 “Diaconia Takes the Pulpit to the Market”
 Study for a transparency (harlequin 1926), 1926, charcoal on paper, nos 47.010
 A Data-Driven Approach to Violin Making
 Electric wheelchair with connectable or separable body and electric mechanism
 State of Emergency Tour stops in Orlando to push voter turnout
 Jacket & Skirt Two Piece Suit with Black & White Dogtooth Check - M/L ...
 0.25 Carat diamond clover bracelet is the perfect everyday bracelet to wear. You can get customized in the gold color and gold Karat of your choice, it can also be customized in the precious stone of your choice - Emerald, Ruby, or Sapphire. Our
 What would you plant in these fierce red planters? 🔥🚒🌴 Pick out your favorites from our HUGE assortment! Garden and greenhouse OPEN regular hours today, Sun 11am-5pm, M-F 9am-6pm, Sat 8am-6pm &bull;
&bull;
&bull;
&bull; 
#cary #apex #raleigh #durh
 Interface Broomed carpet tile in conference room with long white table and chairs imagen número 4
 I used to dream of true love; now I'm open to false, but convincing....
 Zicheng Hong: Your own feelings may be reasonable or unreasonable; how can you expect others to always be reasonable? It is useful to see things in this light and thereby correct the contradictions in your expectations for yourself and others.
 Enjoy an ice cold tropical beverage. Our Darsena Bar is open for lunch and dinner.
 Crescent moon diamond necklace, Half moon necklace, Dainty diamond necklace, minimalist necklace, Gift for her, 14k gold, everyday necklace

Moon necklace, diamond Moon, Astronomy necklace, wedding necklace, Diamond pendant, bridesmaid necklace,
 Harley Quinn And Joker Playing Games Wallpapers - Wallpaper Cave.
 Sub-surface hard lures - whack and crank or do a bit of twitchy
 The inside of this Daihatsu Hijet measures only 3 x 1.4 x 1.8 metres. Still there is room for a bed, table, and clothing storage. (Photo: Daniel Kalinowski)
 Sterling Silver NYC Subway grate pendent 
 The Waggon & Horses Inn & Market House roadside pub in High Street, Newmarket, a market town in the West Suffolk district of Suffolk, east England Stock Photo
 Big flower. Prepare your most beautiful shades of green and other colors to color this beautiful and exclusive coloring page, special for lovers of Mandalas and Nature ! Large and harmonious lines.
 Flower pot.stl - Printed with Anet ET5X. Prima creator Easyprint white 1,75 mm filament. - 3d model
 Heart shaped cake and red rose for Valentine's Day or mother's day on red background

-=-=-=-=-

> **HOW TO COMPLETE THIS TASK**
All of the entries should be transcribed exactly as they appear.

> **SOLUTION TO THE PROBLEM**
 “Diaconia Takes the Pulpit to the Market”
 Study for a transparency (harlequin 1926), 1926, charcoal on paper, nos 47.010
 A Data-Driven Approach to Violin Making
 Electric wheelchair with connectable or separable body and electric mechanism
 State of Emergency Tour stops in Orlando to push voter turnout
 Jacket & Skirt Two Piece Suit with Black & White Dogtooth Check - M/L ...
 0.25 Carat diamond clover bracelet is the perfect everyday bracelet to wear. You can get customized in the gold color and gold Karat of your choice, it can also be customized in the precious stone of your choice - Emerald, Ruby, or Sapphire. Our
 What would you plant in these fierce red planters? 🔥🚒🌴 Pick out your favorites from our HUGE assortment! Garden and greenhouse OPEN regular hours today, Sun 11am-5pm, M-F 9am-6pm, Sat 8am-6pm &bull;
&bull;
&bull;
&bull; 
#cary #apex #raleigh #durh
 Interface Broomed carpet tile in conference room with long white table and chairs imagen número 4
 I used to dream of true love; now I'm open to false, but convincing....
 Zicheng Hong: Your own feelings may be reasonable or unreasonable; how can you expect others to always be reasonable? It is useful to see things in this light and thereby correct the contradictions in your expectations for yourself and others.
 Enjoy an ice cold tropical beverage. Our Darsena Bar is open for lunch and dinner.
 Crescent moon diamond necklace, Half moon necklace, Dainty diamond necklace, minimalist necklace, Gift for her, 14k gold, everyday necklace

Moon necklace, diamond Moon, Astronomy necklace, wedding necklace, Diamond pendant, bridesmaid necklace,
 Harley Quinn And Joker Playing Games Wallpapers - Wallpaper Cave.
 Sub-surface hard lures - whack and crank or do a bit of twitchy
 The inside of this Daihatsu Hijet measures only 3 x 1.4 x 1.8 metres. Still there is room for a bed, table, and clothing storage. (Photo: Daniel Kalinowski)
 Sterling Silver NYC Subway grate pendent 
 The Waggon & Horses Inn & Market House roadside pub in High Street, Newmarket, a market town in the West Suffolk district of Suffolk, east England Stock Photo
 Big flower. Prepare your most beautiful shades of green and other colors to color this beautiful and exclusive coloring page, special for lovers of Mandalas and Nature ! Large and harmonious lines.
 Flower pot.stl - Printed with Anet ET5X. Prima creator Easyprint white 1,75 mm filament. - 3d model
 Heart shaped cake and red rose for Valentine's Day or mother's day on red background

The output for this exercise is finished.